**ACTIVITY**
From the listing below, give again exactly the lines from the line with "Priveq sells remaining shares in QleanAir" to the line with "Cute Christmas Coloring Page", ends included, without any pictures.

**EXERCISE DATA**
──────────

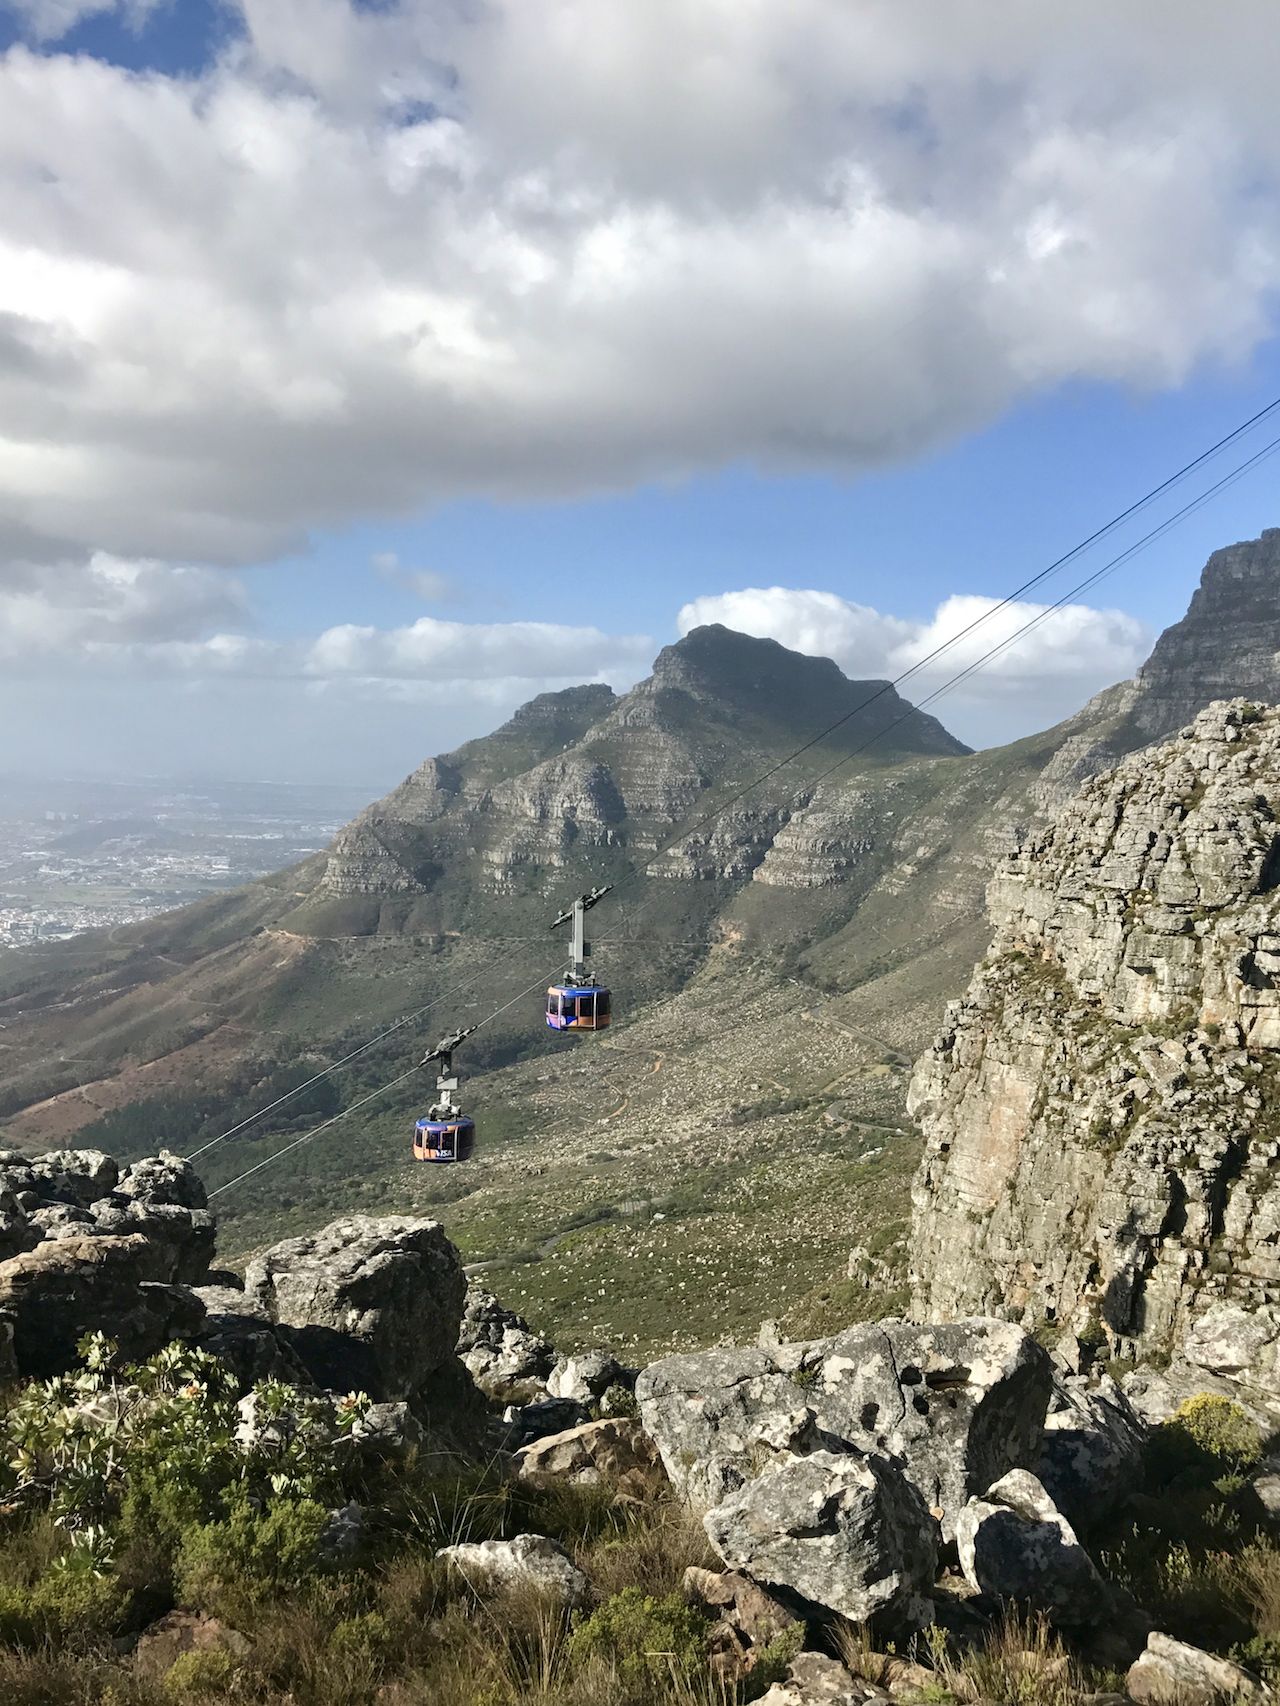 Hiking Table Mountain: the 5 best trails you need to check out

──────────

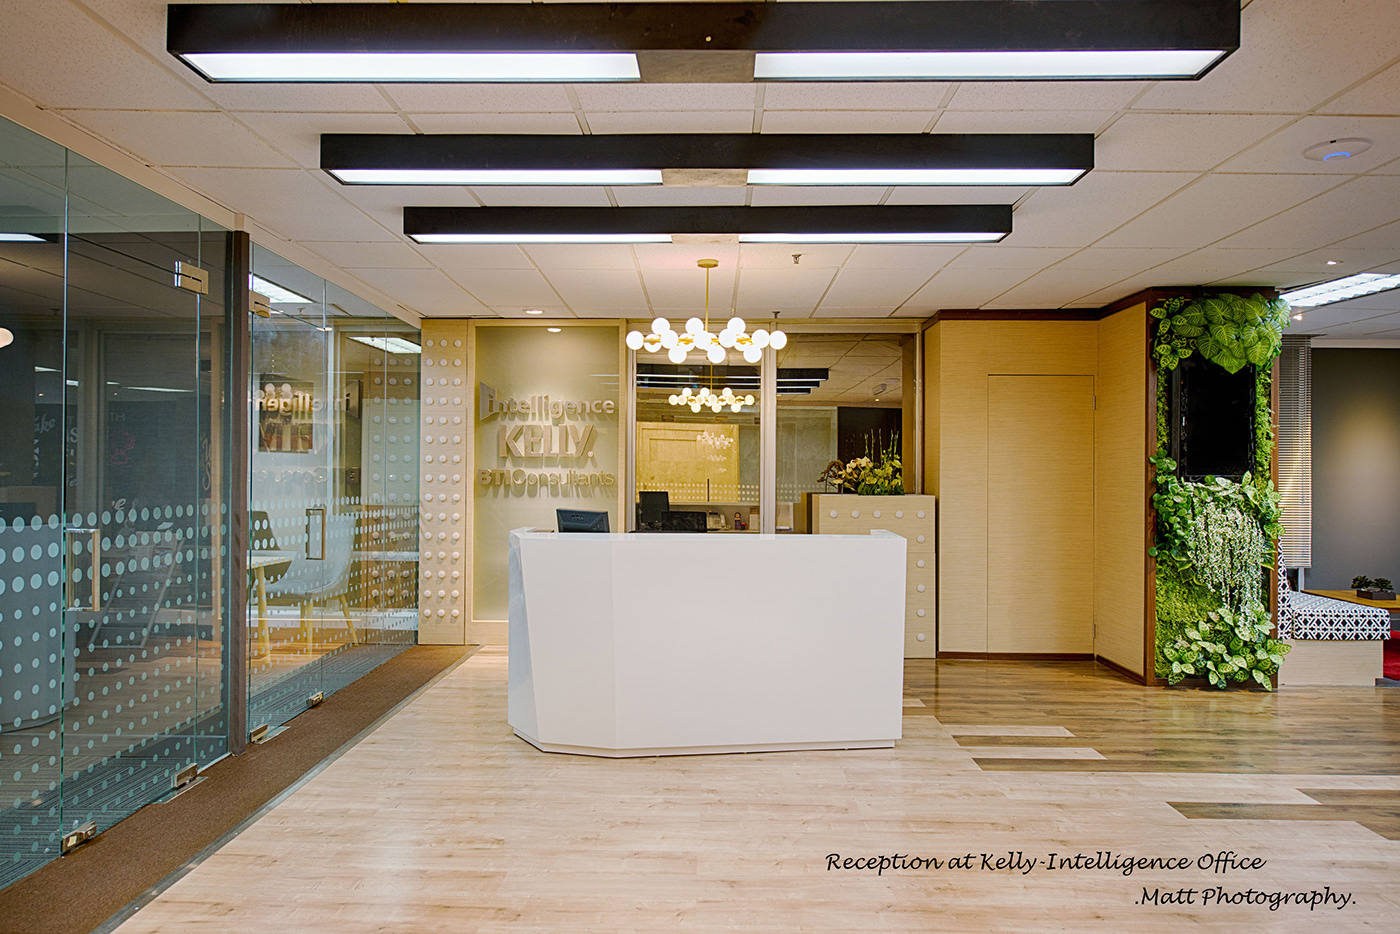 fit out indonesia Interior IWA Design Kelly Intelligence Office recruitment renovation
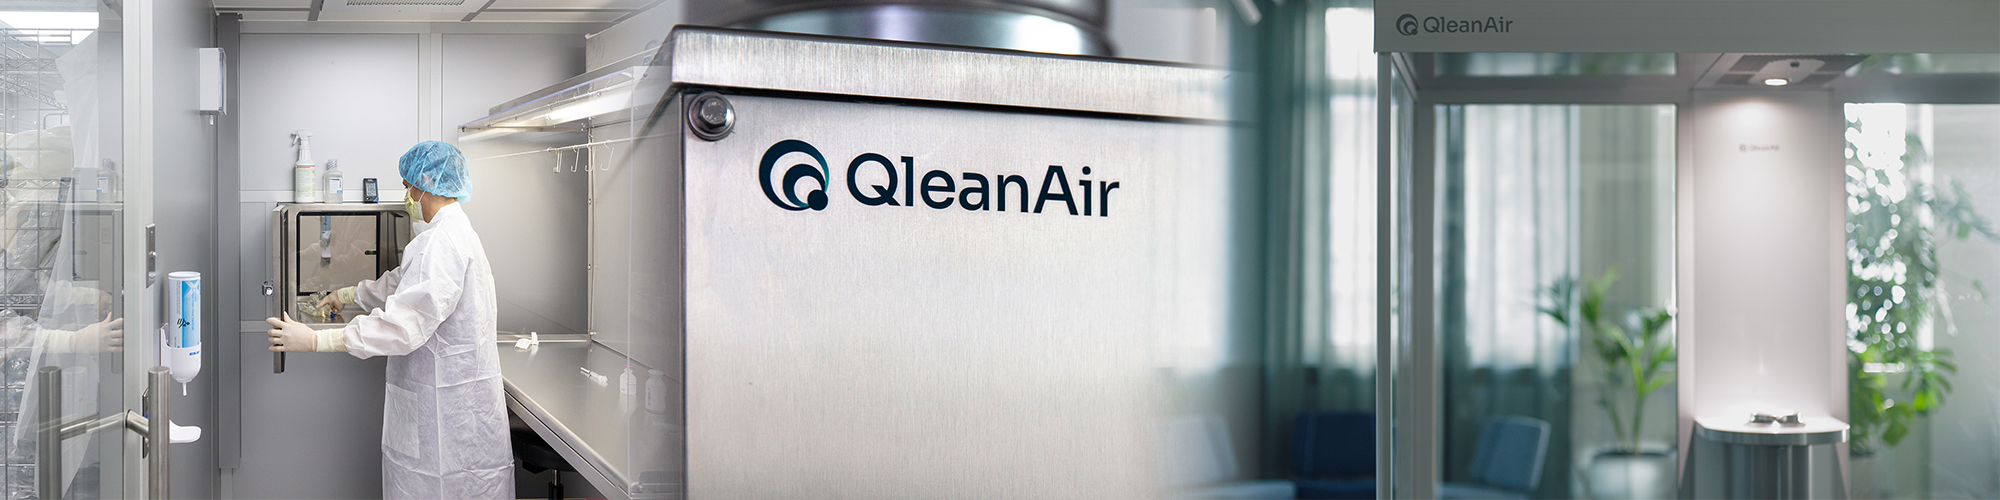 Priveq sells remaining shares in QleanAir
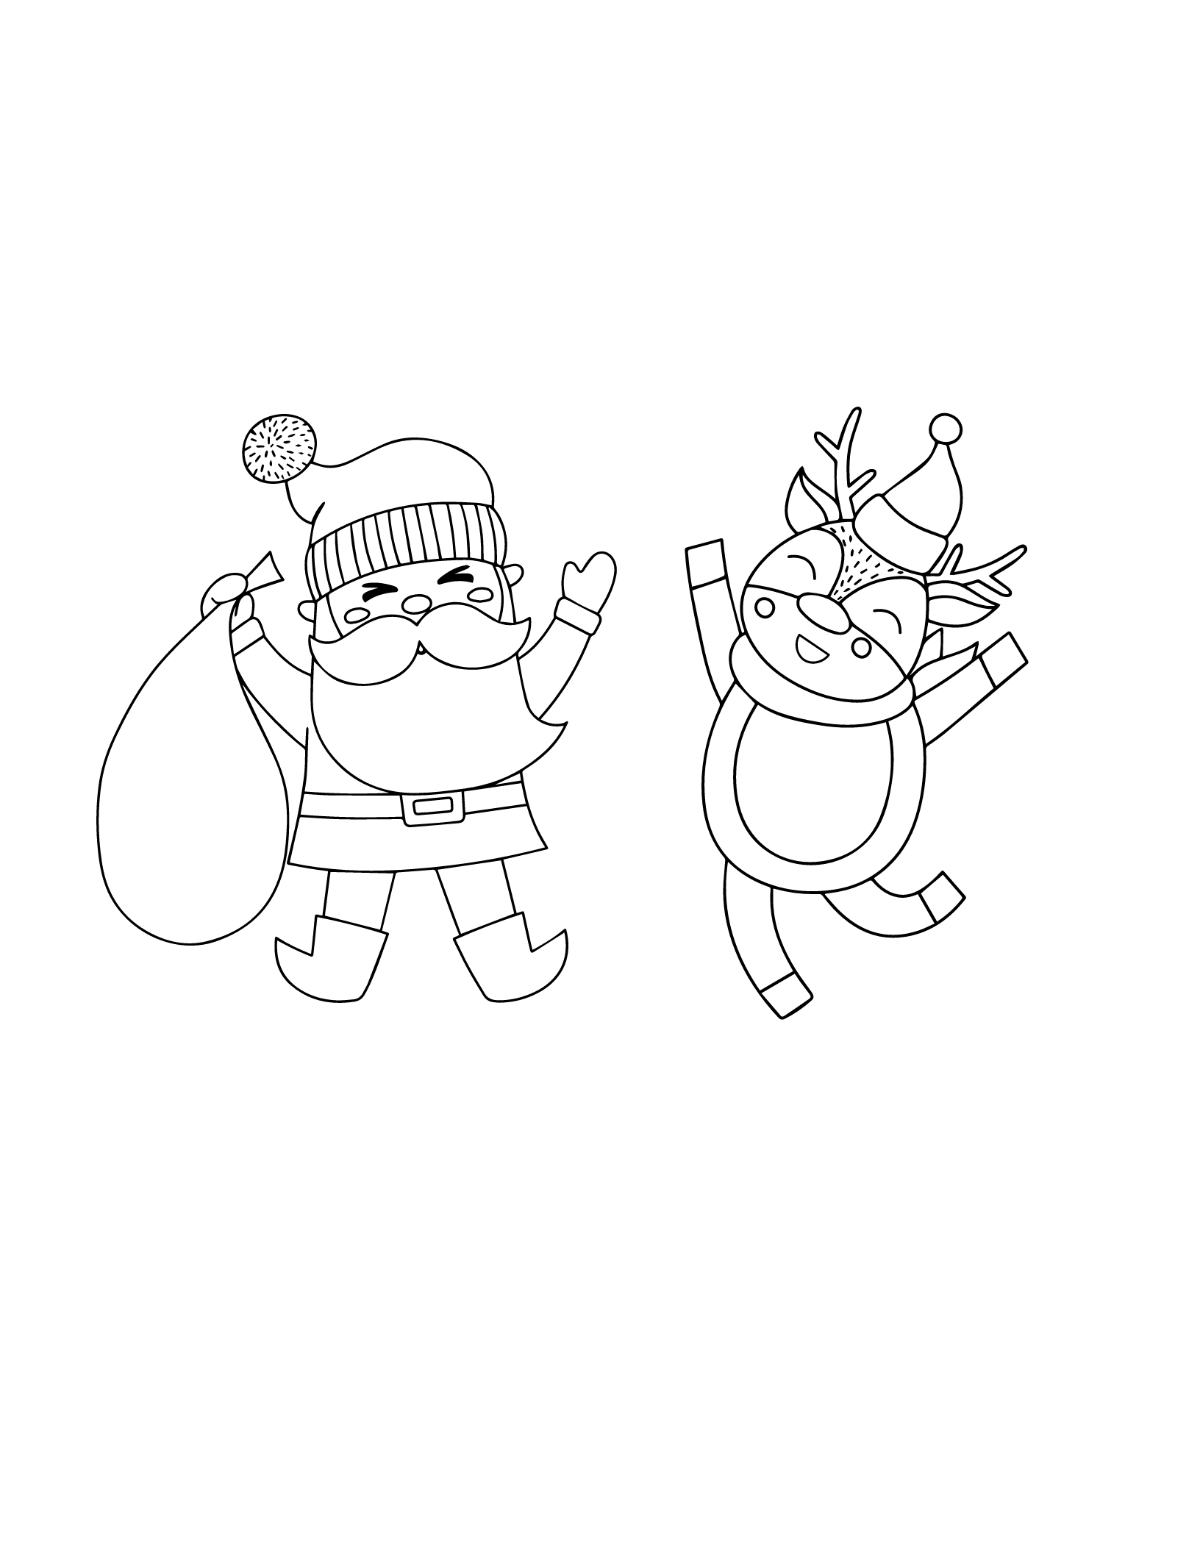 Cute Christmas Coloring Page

──────────

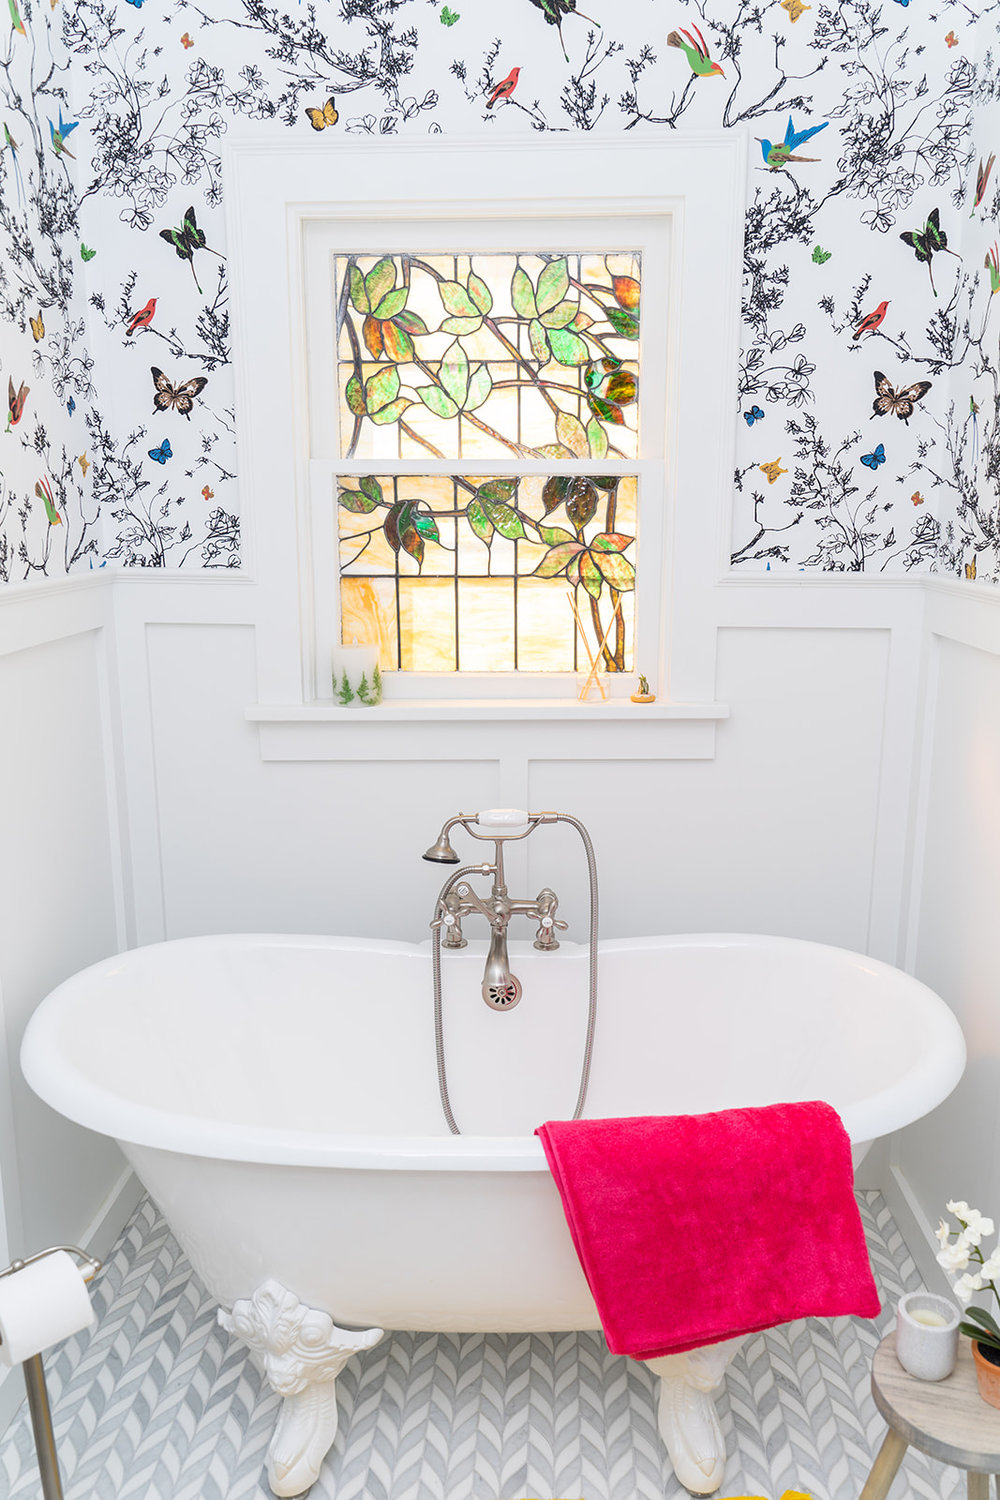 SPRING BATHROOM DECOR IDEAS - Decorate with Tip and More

──────────

**COMPLETED TASK**
 Priveq sells remaining shares in QleanAir
 Cute Christmas Coloring Page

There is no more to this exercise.